Monday, May 9, 2016

newtonian mechanics - Why don't planets have Circular orbits?


This might be a completely wrong question, but this is bothering me since many days ago. Given the mass (Sun) curves the space around it, gravitation is the result of such curved space (Correct me if I am wrong, source: A Documentary film). Given any point on a circle with center same as center of the mass, curvature in the space should be equal (Intuition).


Planets rotate around the Sun because of the curve in the space they should follow a circular path and the distance between planet and Sun should be at a distance.

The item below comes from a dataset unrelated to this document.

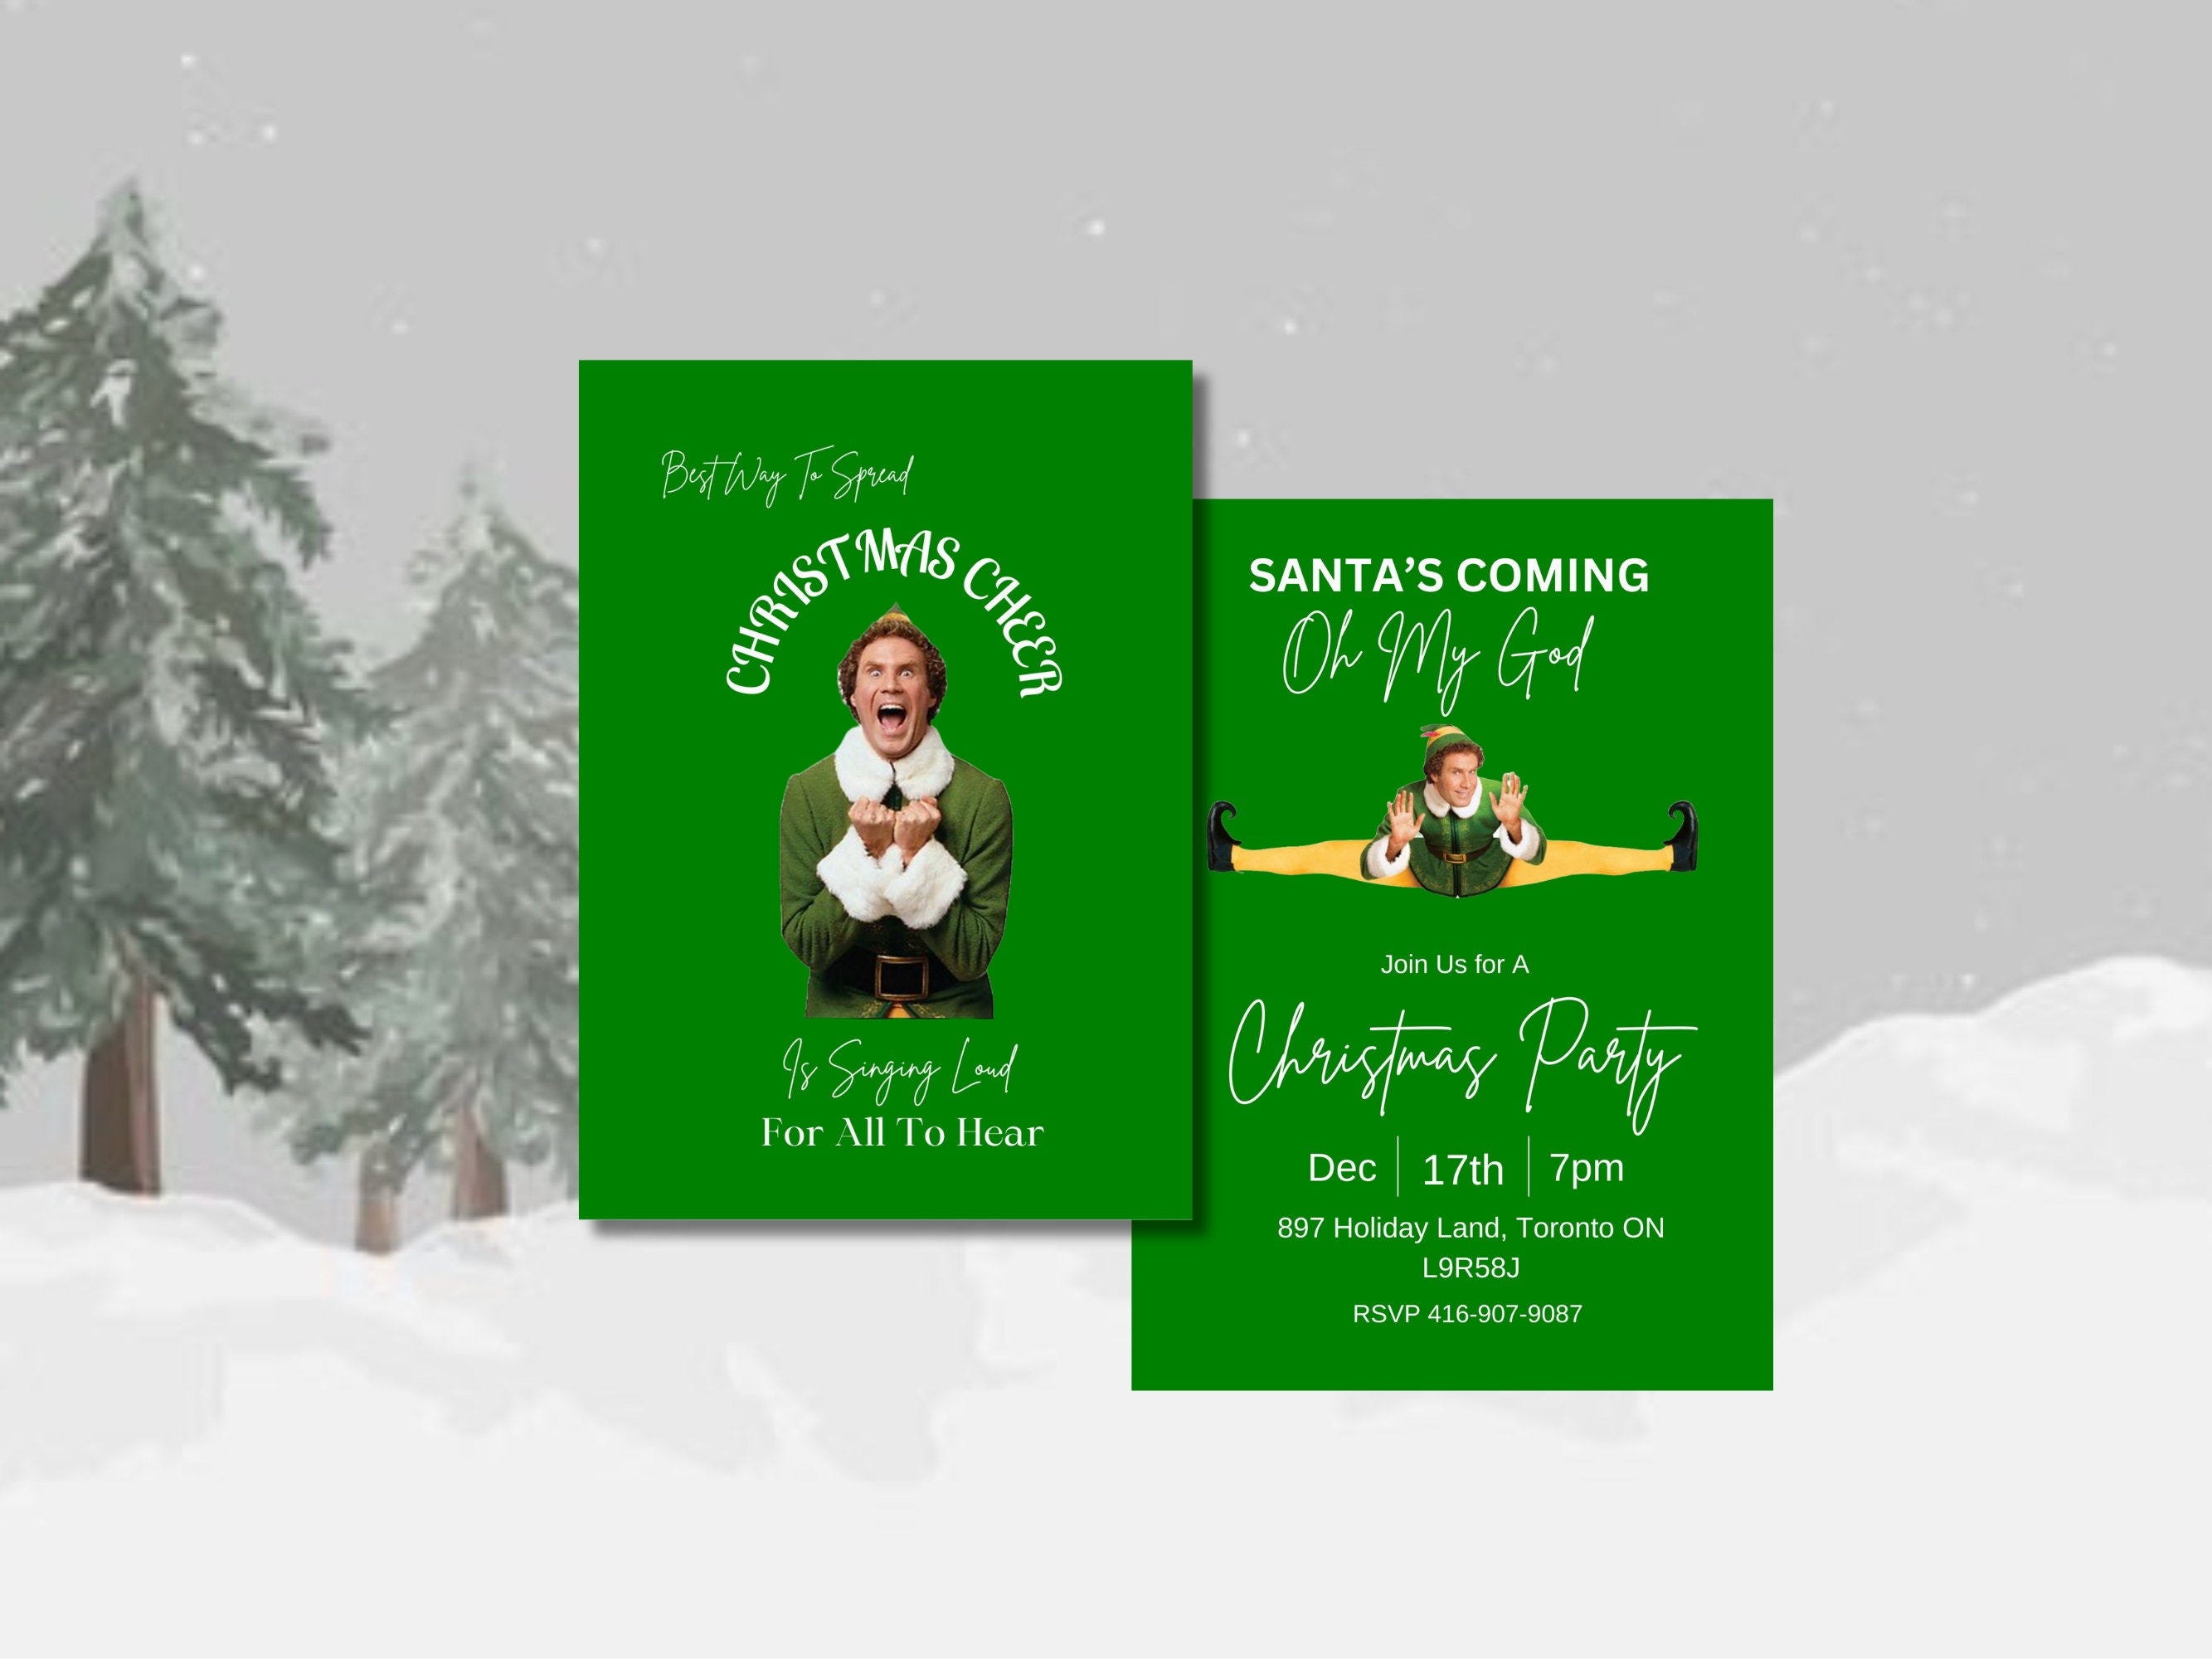 DIY Holiday Party Invitation, DIY Christmas Party Invitation, Buddy The Elf Inspired, Digital Download, Instant Download, Friendmas invite

Given the fact that earth has a elliptical orbit around the sun, and the distance between Earth and Sun varies according to position of the earth. Why do we have a elliptical orbit not a circular orbit.



Answer



Because orbits are general conic sections. Why this is true is another fascinating question in and of itself, but for now I'll just assume it. The point is that circular orbits are special examples of general orbits. It's perfectly possible to get a circular orbit, but the relationship between the bodies' velocities and separation needs to be exactly right. In practice it rarely is, unless we plan it that way (e.g, for satellites).


If you threw a planet around the sun really hard its path would be bent by the sun's gravity, but it would still eventually fly off at a tangent. Throwing it really hard would make it almost go straight, since it moves by the sun so quickly. As you reduce the speed, the sun gets to bend it more and more, and so the tangent is flies off on gets angled more and more towards moving backwards. So general hyperbolas are possible orbits. If you move it at the right speed, then it'll be just slow enough that other tangent points 'exactly backwards', and here the motion will be a parabola. Less than this and the planet will be captured. It doesn't have enough energy at this point to escape at all.



A key realization here is that the path should change continuously with the initial speed. Imagine the whole path traced out by a planet with a high velocity. An almost-straight hyperbola, say. Now as you continuously lower the velocity, the hyperbola bends more and more (continuously) until it bends "all the way around" and becomes a parabola. After this point, you'll have captured orbits. But they have to be steady changes from the parabola. All captured orbits magically being circles (of what size anyway, since they have to start looking like parabolas at some point?) wouldn't make any sense. Instead you get ellipses that get shorter and shorter as you get slower. Keep doing this, and those ellipses will come to a circle at some critical speed.


So circular orbits are possible, they're just not general. In fact, I'd say the real question is why the orbits are often so close to circular, since there are so many other options!